In this editorial, we argue that current attitudes toward terminally ill patients are generally too paternalistic, and that it is wrong to assume that patients suffering from mental health issues (including depression) cannot consent to assisted suicide.

Declaration of interest

None.

Type
Editorials
Copyright
Copyright © The Royal College of Psychiatrists 2018 

Most countries that permit assisted suicide do so only for patients who are terminally ill. In Switzerland, Belgium, the Netherlands and Luxemburg, however, the law is more permissive: assisted suicide is permitted independent of life expectancy, which means those patients suffering from severe mental illnesses such as treatment-refractory major depressive disorder, treatment-resistant chronic schizophrenia or severe persistent anorexia nervosa can also avail themselves of assisted suicide (or euthanasia, except in Switzerland). This more liberal legislation does, however, require that patients be of sound mind and have the decision-making capacity to consent to or request assisted suicide.
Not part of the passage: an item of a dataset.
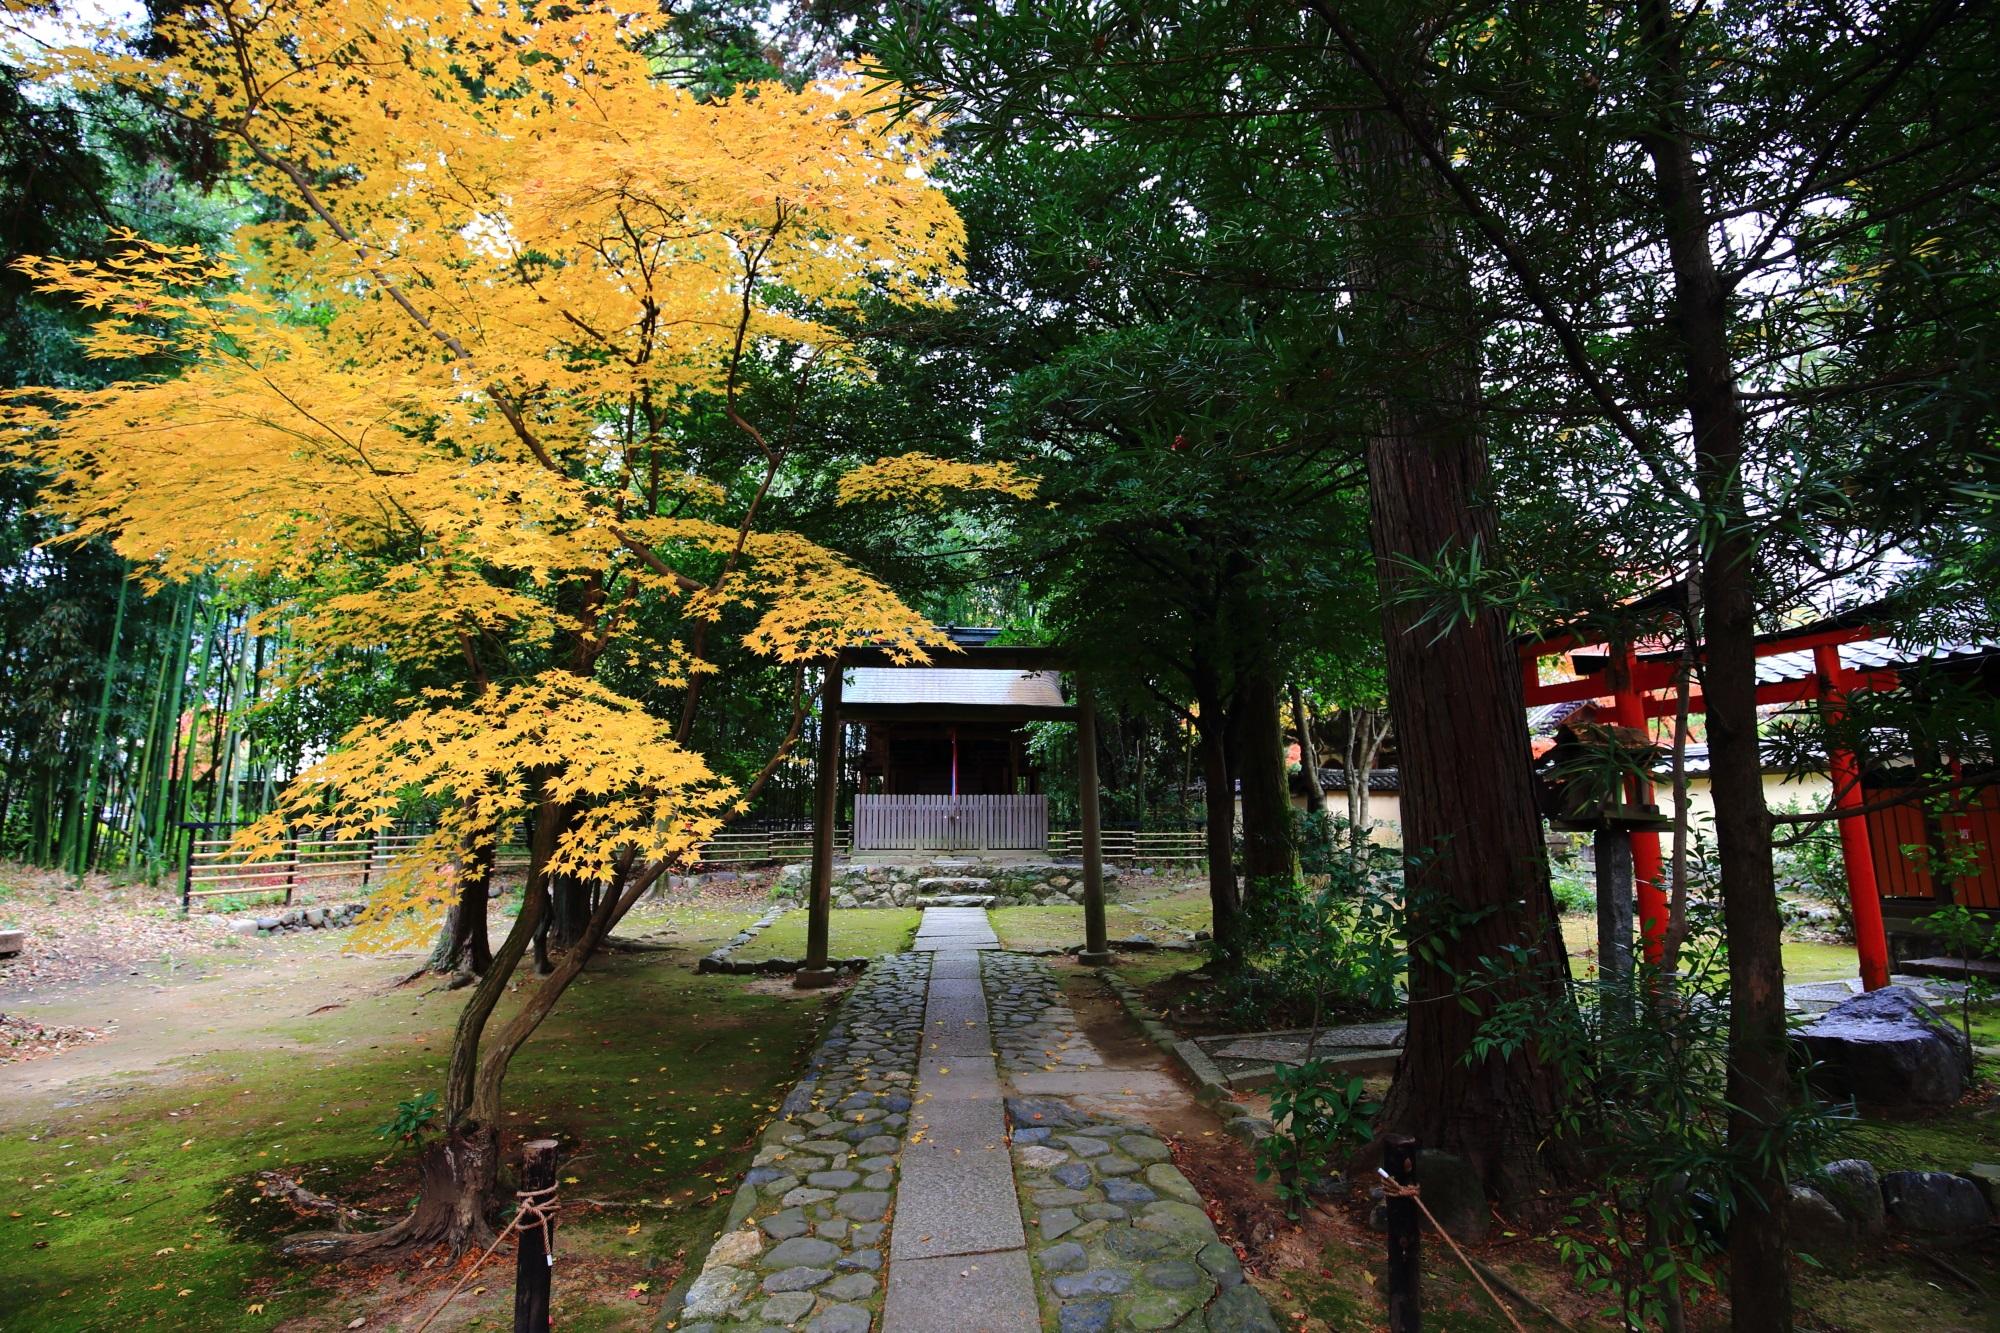 鹿王院の春香稲荷大神の見ごろの紅葉

Four criteria for medical decision-making capacity are widely accepted: the ability to understand the relevant information, the ability to appreciate the disorder and the medical consequences of the situation, the ability to reason about treatment choices and the ability to communicate a choice.Reference Grisso and Appelbaum1

The controversy surrounding decision-making capacity evaluations in patients seeking assisted suicide is because of the controversial nature of assisted suicide itself. Because it is unusual for doctors to be involved in deliberately ending a patients a life and because of the irreversibility of the decision, some believe that a higher standard of competence should be demonstrated to ascribe decision-making capacity to the patient.Reference Buchanan and Brock2 Thus, the stringency of decision-making capacity requirements should increase in proportion to the potential risk to the patient.Reference Parker3 Some critics have even suggested that a request for assisted suicide is itself suggestive or even indicative of a lack of decision-making capacity.Reference Werth, Benjamin and Farrenkopf4 Given these fundamental disagreements, it is hardly surprising that there is considerable variation in experts' opinions regarding proposed threshold of decision-making capacity, the required time frame to prove that a request for assisted suicide is stable and settled, and whether/how many different doctors must certify decision-making capacity. In a 2000 survey, 58% of psychiatrists claimed that major depressive disorder means that a patient is de facto incompetent.Reference Ganzini, Leong, Fenn, Silva and Weinstock5 This is unfortunate, as mental illness or cognitive dysfunction do not in themselves indicate that a patient lacks decision-making capacity.Reference Grisso and Appelbaum1 Many mental and cognitive conditions are compatible with having decision-making capacity, and a patient can have depressive disorder without lacking decision-making capacity.Reference Okai, Owen, McGuire, Singh, Churchill and Hotopf6 A recent systematic review concluded that depression can influence DMC, but not that it always does so.Reference Hindmarch, Hotopf and Owen7

It appears that the DMC evaluation in AS is often affected by a sort of ethical contamination, with relatively simple cases of patients with a terminal illness requesting who request assisted suicide being conflated with more challenging cases of assisted suicide requests from patients who are not terminally ill; in addition, patients in both these categories may also have a psychiatric disease, making four categories in total. It is important to bear in mind that all four categories could include both patients who are mentally competent and those who not. Indeed, one of the reasons why standards are often set so high for those who are terminally ill but have no mental health issues is that concerns about decision-making capacity and lack of terminal illness can contaminate and infect discussions of even ‘simple’ requests for assisted suicide. One reason for this might be that it is not always obvious which category a patient will fall into.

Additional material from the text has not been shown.